* [Task to complete]: Copy the data that follows, character for character, minus the pictures.

* [Data excerpt]:
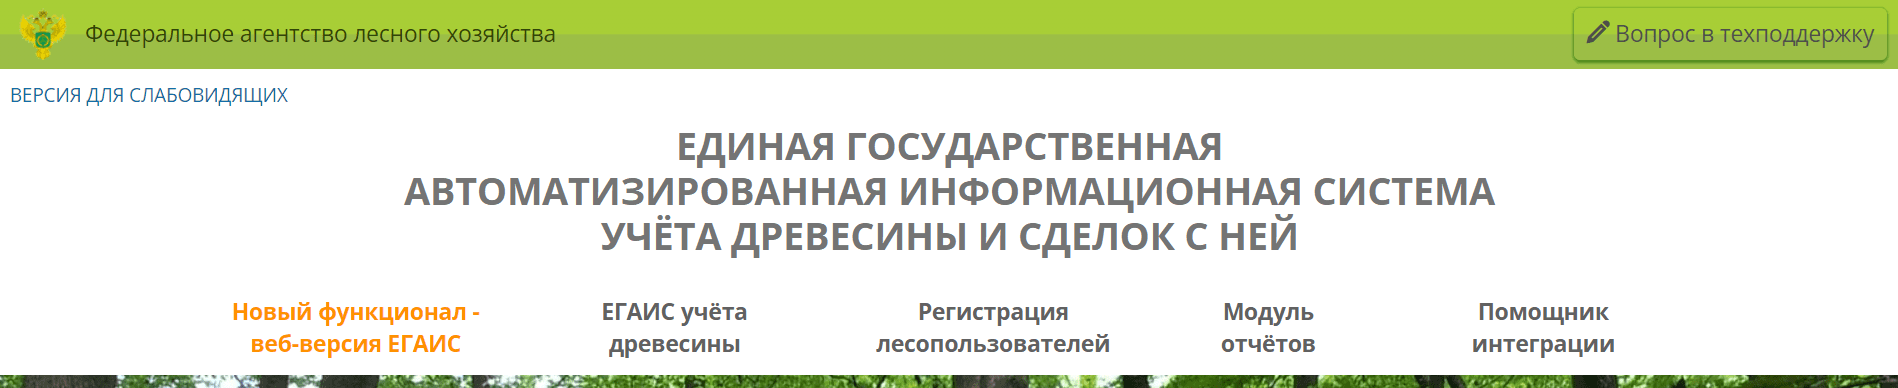 Федеральное агентство лесного хозяйства (lesegais.ru)
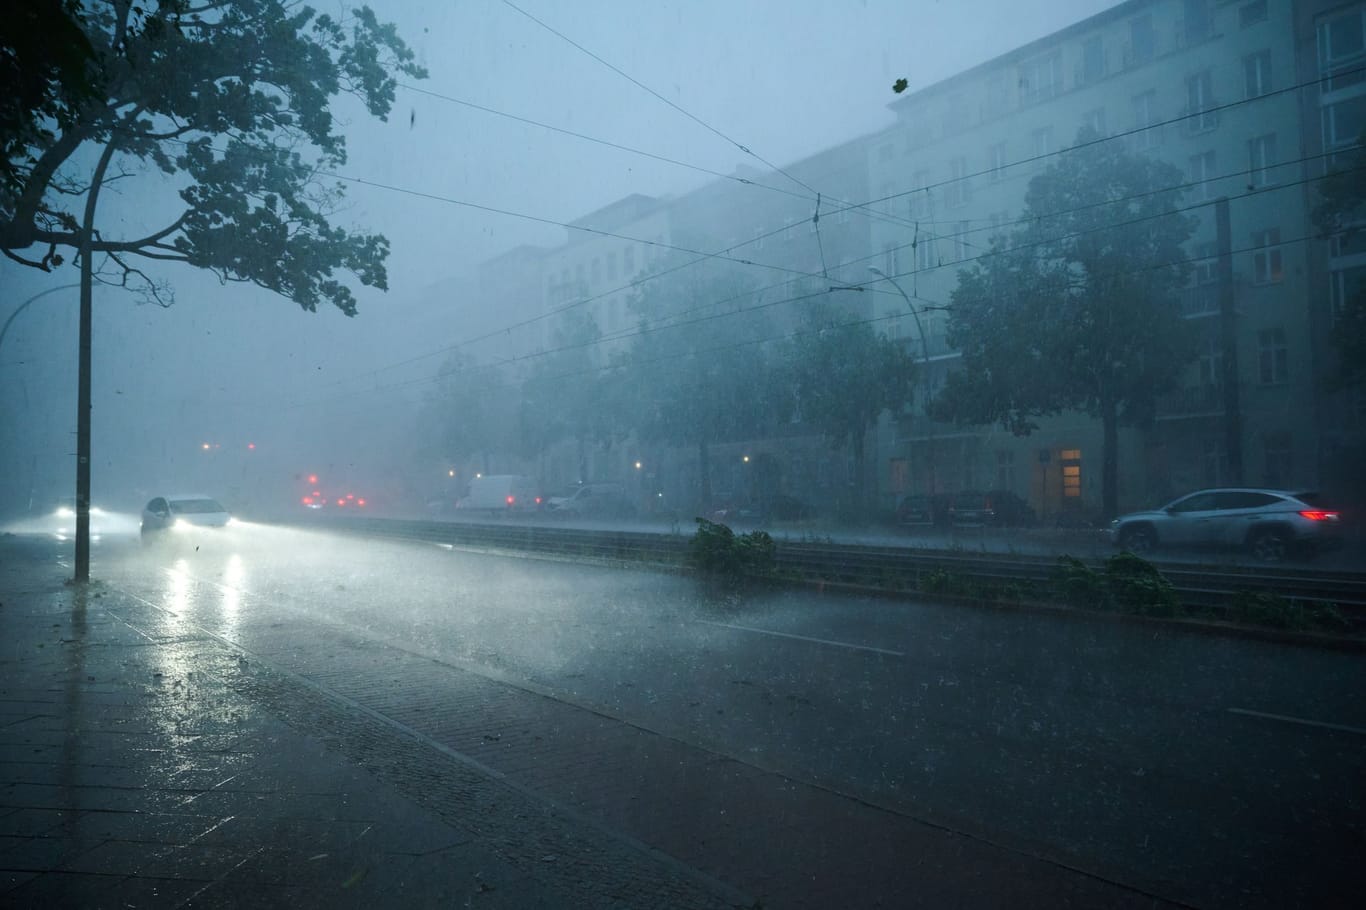 Starker Regen und Wind kommen am Donnerstag in einigen Teilen Deutschlands herunter. (Archivbild)
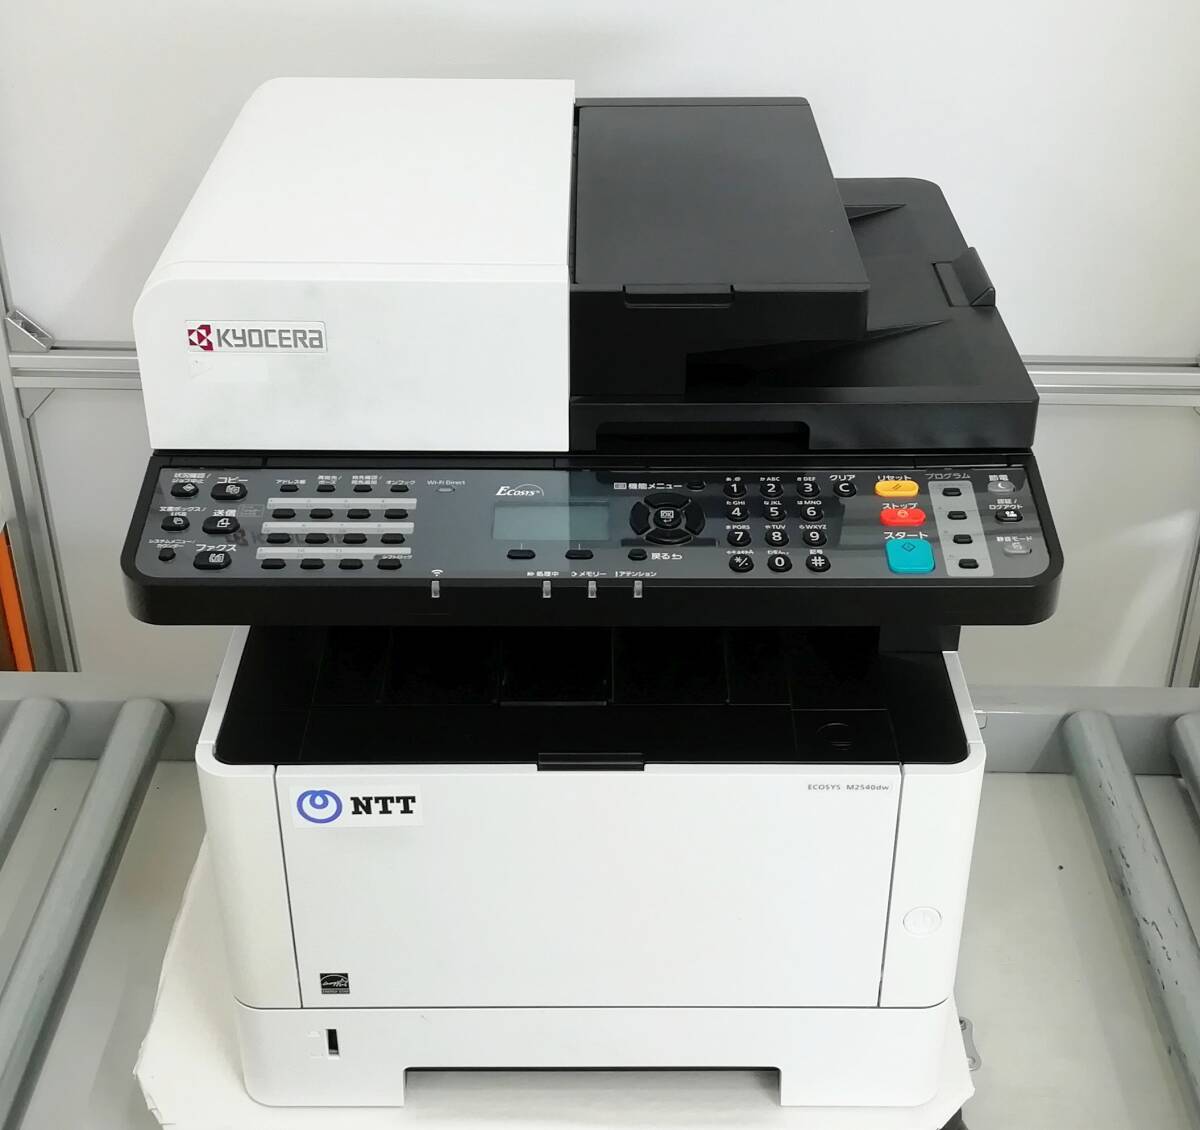  Kyocera A4 монохромный многофункциональная машина ECOSYS M2540dw печать листов число 9688 листов копирование / сканер / принтер ADF иметь двусторонний печать OK отправка в тот же день возвращенный товар с гарантией [H24031824]
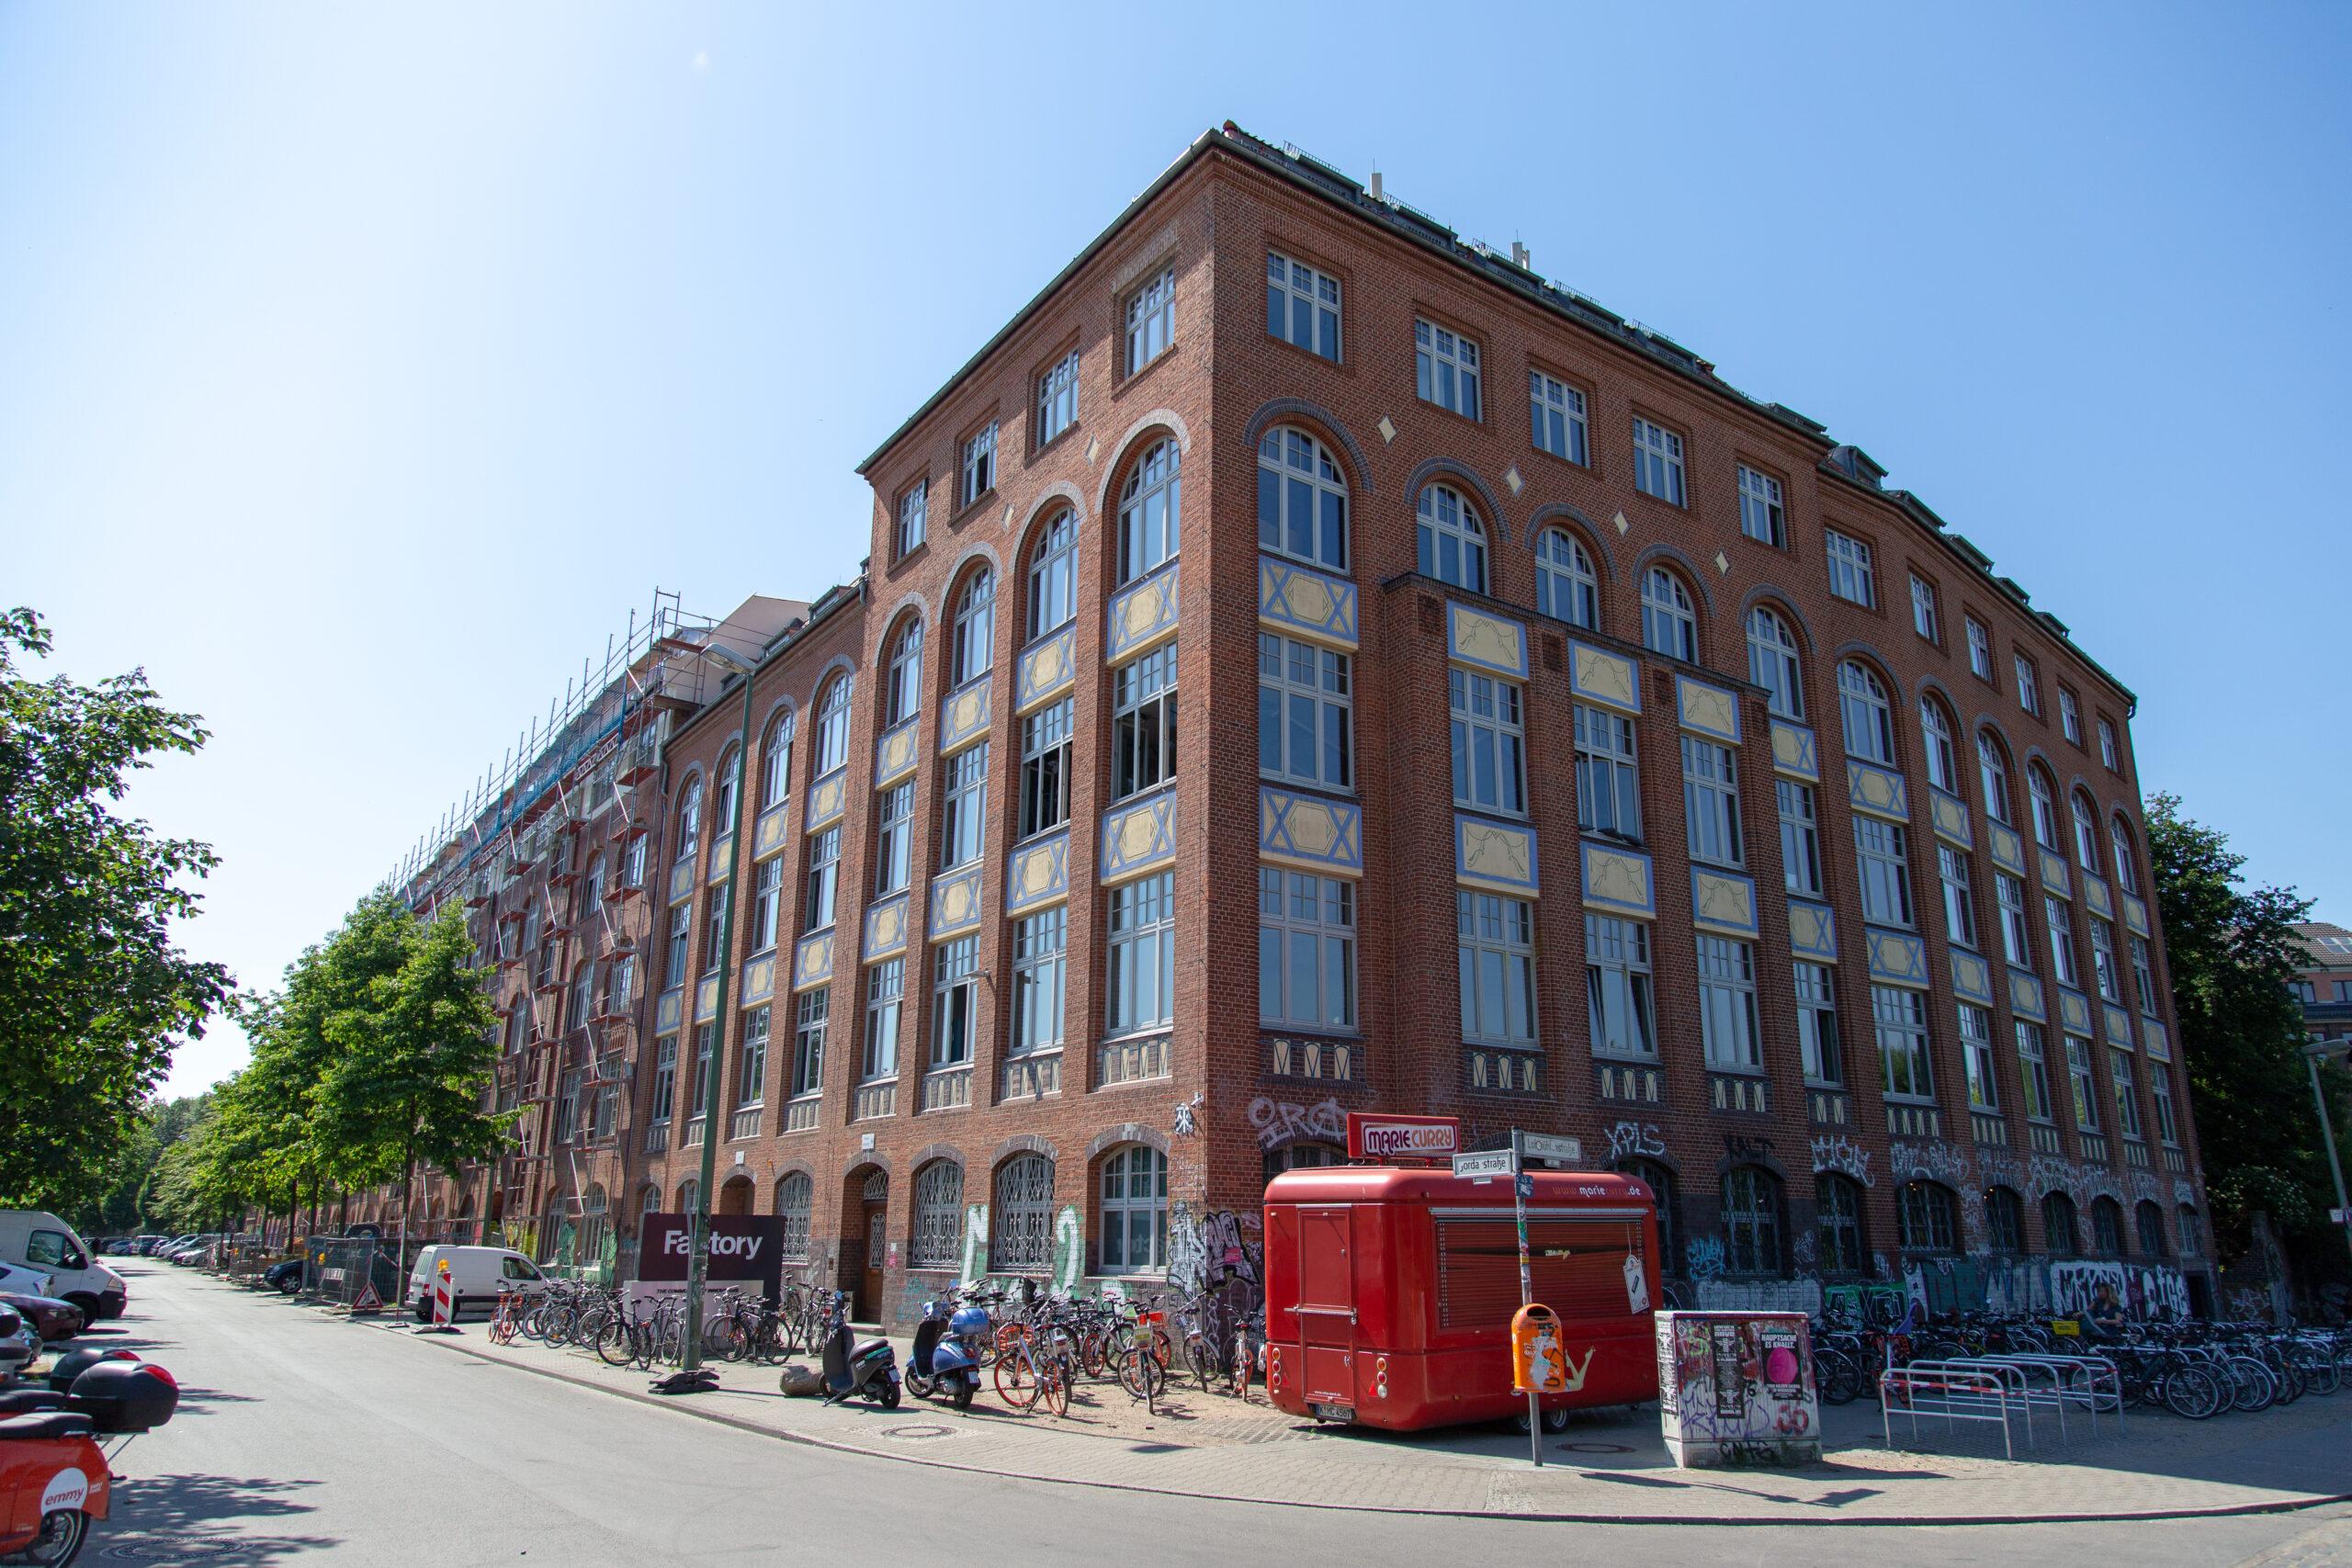 Factory Berlin kündigt Neugestaltung und strategisches Rebranding an

* [Response area]:
 Федеральное агентство лесного хозяйства (lesegais.ru)
 Starker Regen und Wind kommen am Donnerstag in einigen Teilen Deutschlands herunter. (Archivbild)
  Kyocera A4 монохромный многофункциональная машина ECOSYS M2540dw печать листов число 9688 листов копирование / сканер / принтер ADF иметь двусторонний печать OK отправка в тот же день возвращенный товар с гарантией [H24031824]
 Factory Berlin kündigt Neugestaltung und strategisches Rebranding an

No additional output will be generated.